2. Retrieve RELISH data set
    - Retrieve from [RELISH](https://figshare.com/projects/RELISH-DB/60095).
    - Extract the `RELISH_v1.json` at `data/RELISH`.
3. Retrieve pubmed data via FTP server (Windows 10)
    - Retrieve it using Wget by typing the following into your shell: `wget -mkx -e robots=off https://ftp.ncbi.nlm.nih.gov/pubmed/baseline/`.
    - Extract all `.gz` files in `ftp.ncbi.nlm.nih.gov/pubmed/baseline`.
    - Move resulting xml files to `data/RELISH/pubmed`.

In [None]:
import os
os.chdir('../')
os.chdir('../code')
from InputDataPreprocess import parseRelish
os.chdir('FTP-approach')
from preProcessFTP import structureDataset

Code Strategy
1. Get PMIDs from RELISH by parsing `RELISH_v1.json` to a set of pmids
2. Retrieve PMIDs from FTP data set and structure resulting data set.
    - Iterate through the FTP data set and check if each entry belongs to the RELISH data set.
    - If a pmid has been found its metadata gets saved in `data/RELISH/Original`.
    - Create new xml files at `data/RELISH/Formatted` which take the format of the BioC API pubmed data.
    - Remove unecessary HTML headings.
    - Create a tsv file at `data/RELISH/RELISH_Formatted.tsv` containing pmid, title and abstract.

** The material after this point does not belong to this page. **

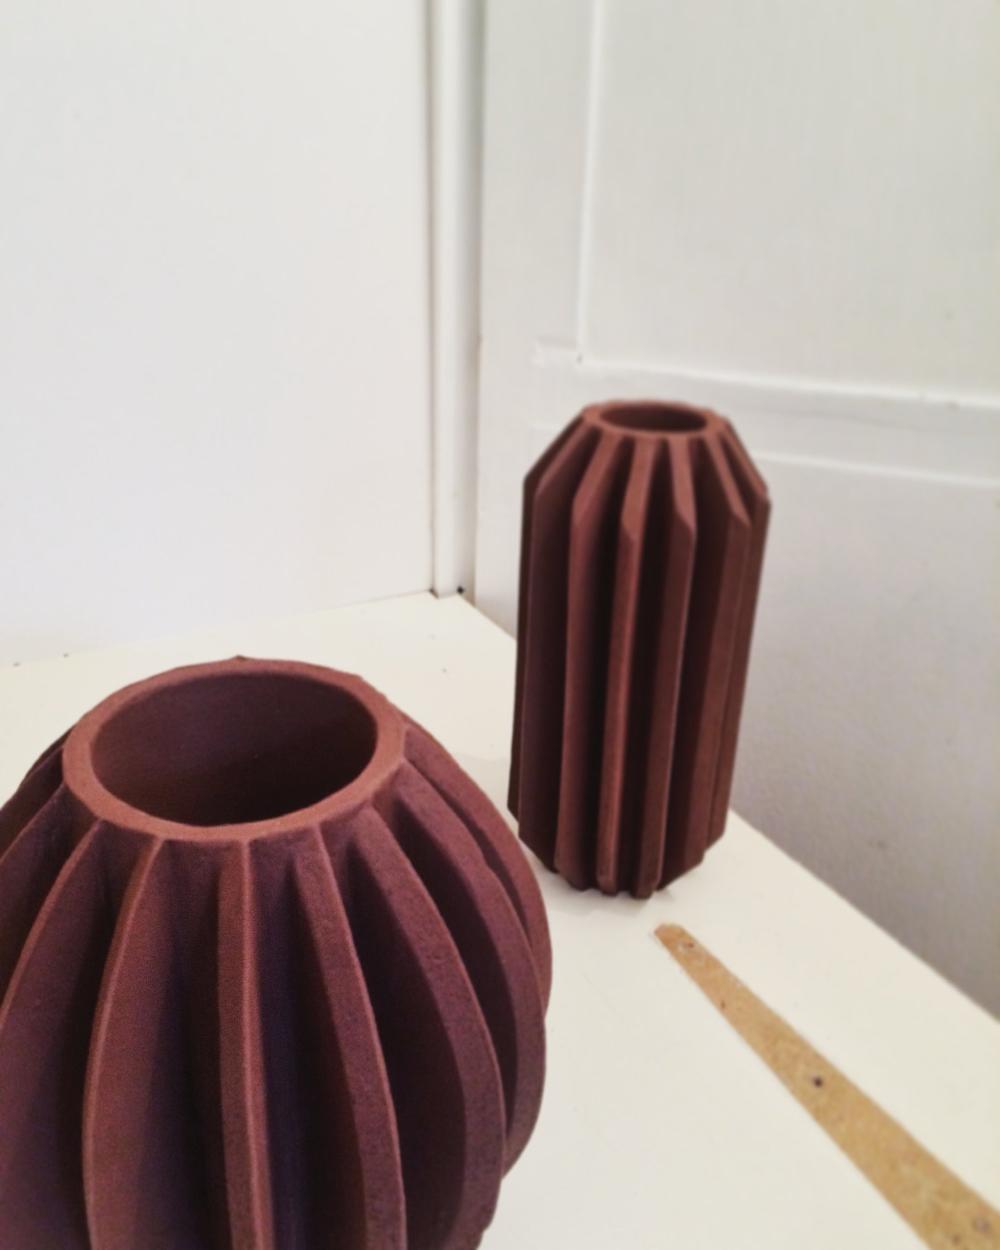 Latest Work - Ceramic Artist & Pottery Classes in Sheffield — Andrew Walker Ceramics Sheffield Pottery Classes & Ceramics Studio #potteryclasses

Step 1: Get PMIDS from `RELISH_v1.json`. Returns pmids as set.

In [None]:
os.chdir('../')
pmidList = parseRelish('../data/RELISH/RELISH_v1.json')
pmidList = set(list(pmidList)[:10]) # To retrieve all data just delete this row and rerun the code.

Step 2: Retrieve PMIDs from FTP data set and structure results. Returns two sets of xml files: `data/RELISH/Original` and `data/RELISH/Formatted`, as well as a tsv file: `data/RELISH/RELISH_Formatted.tsv`.

In [None]:
structureDataset(pmidList, 'data/RELISH/pubmed', 'data/RELISH', 'data/RELISH/RELISH_Formatted.tsv')